I’m using Julia 1.9.3 on a Windows machine.

Two lines in my file ParallelWatson.jl:

N = 10^4

y = SharedArray{Float64}(N);

In *spite* of the semicolon, the full Shared Array is printed in the output file when I issue the command

julia -t 8 < ParallelWatson.jl > test4.out

I want to put N=10^9 and, well, no, I don’t want to see a billion zeros.

I see conflicting messages in the online discussions about semicolon suppressing output, some going back to 2014.

Can I suppress the output? If so, how? It’s got to be easy, and I must be doing something really dumb.

I should add that typing interactively in the REPL this does indeed suppress the printing of the Shared Array.

Perhaps add `nothing`

as last line of your file?

The problem is that you’re feeding the file’s contents through stdin using `<`

. Try dropping `<`

such that the filename is passed as an argument instead: `julia -t 8 ParallelWatson.jl > test4.out`

.

You shouldn’t need semicolons anywhere.

Thanks. That worked.

runit.jl (754 Bytes)

julia -t 8 runit.jl > runit.out

more runit.out

got (in the file runit.out)

0.015890 seconds (11.28 k allocations: 724.107 KiB, 49.86% compilation time)

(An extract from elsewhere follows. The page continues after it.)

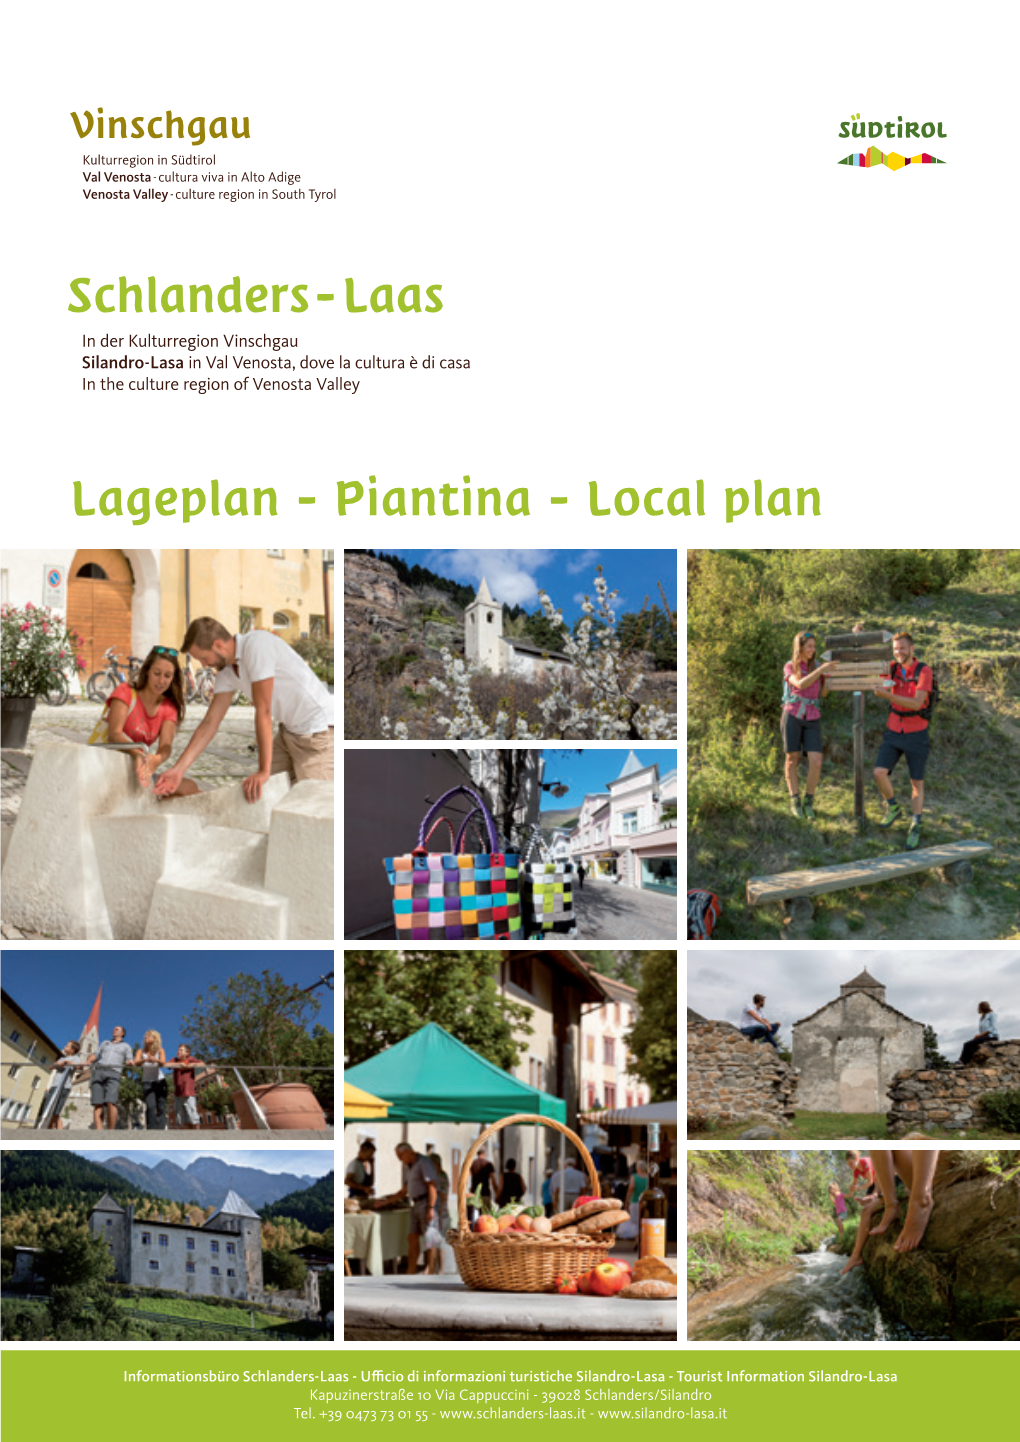 Schlanders-Laas­­ in Der Kulturregion Vinschgau Silandro-Lasa in Val Venosta, Dove La Cultura È Di Casa in the Culture Region of Venosta Valley
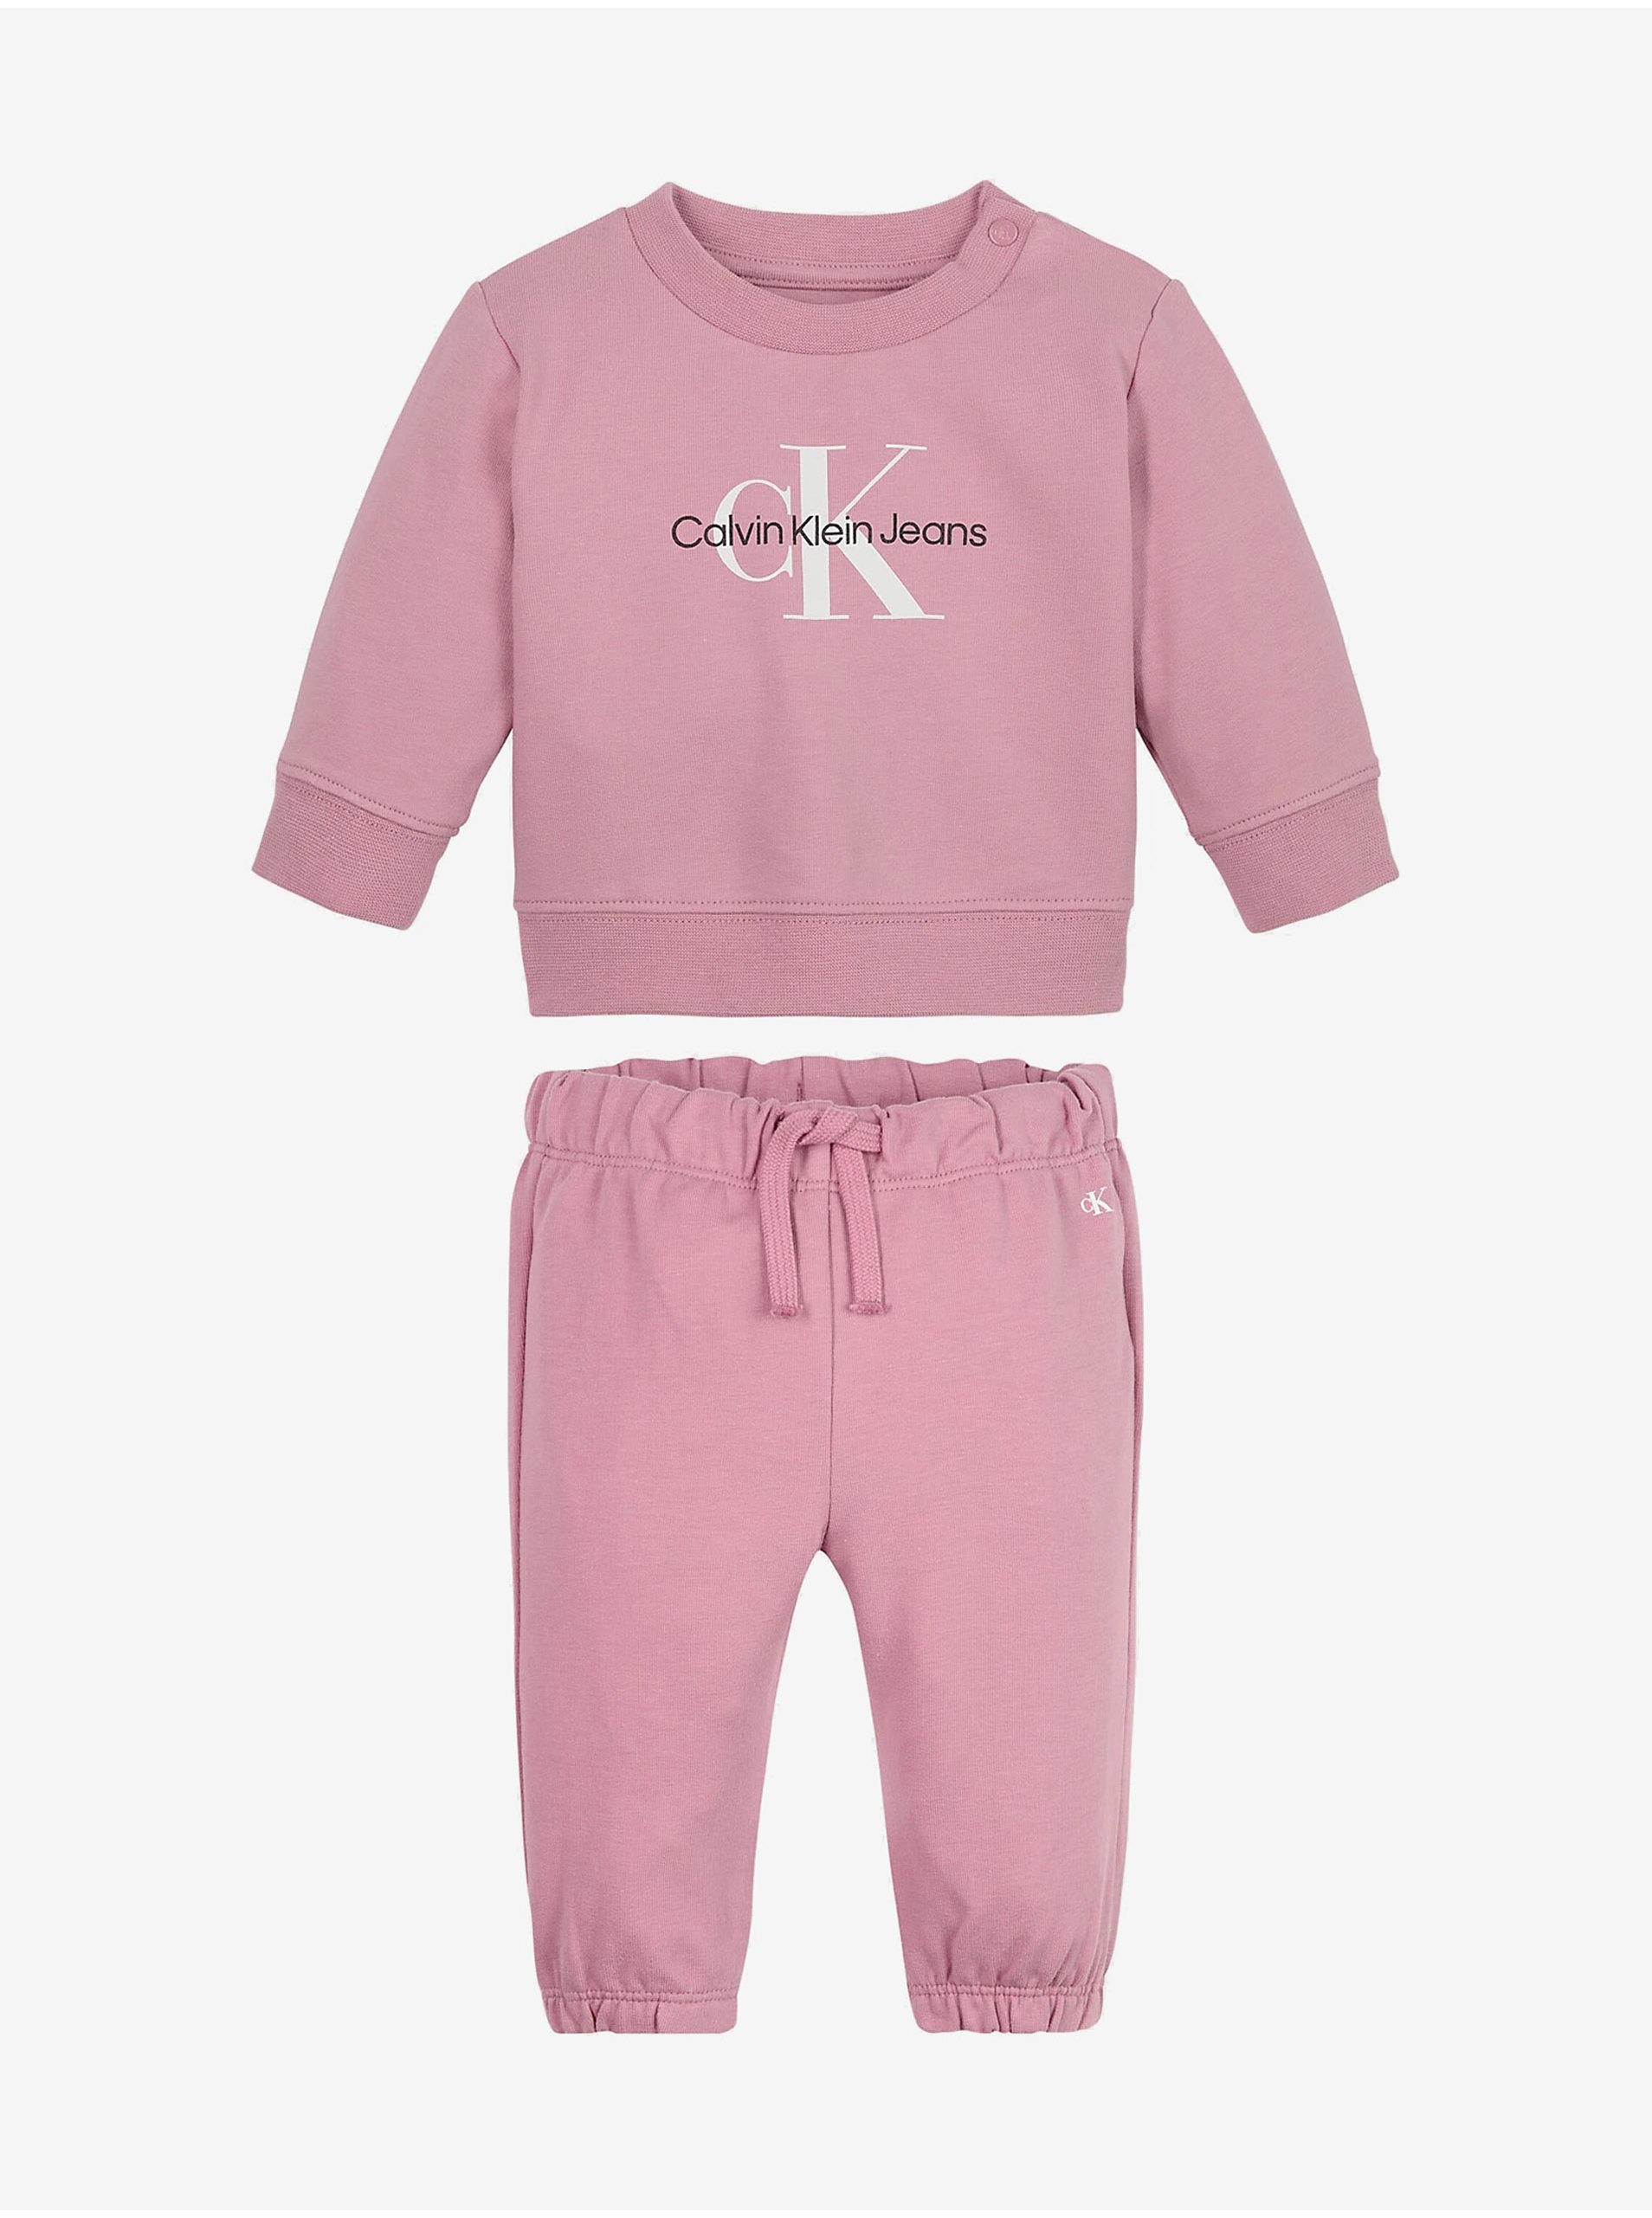 Lacno Sada dievčenskej mikiny a teplákov v ružovej farbe Calvin Klein Jeans

0.15000009536743164 0.15000009536743164

Now I am going to go look up how I am *supposed* to be timing things. The 0.015890 seconds is too short (the program did NOT return in a hundredth of a second). I’m not even sure the .15 seconds is right. Still seems too short. But since I know nothing, I will go look and find; and if I run into trouble I shall open another issue.

Thanks!

This is a different topic, but:

Here’s how I would rewrite your script using threads instead of multiprocessing. Note that it’s important to put potentially performance-sensitive code in functions so it can be compiled, hence the function `F!(y)`

. Note the function `evalpoly`

for evaluating polynomials—no more writing out Horner’s method by hand.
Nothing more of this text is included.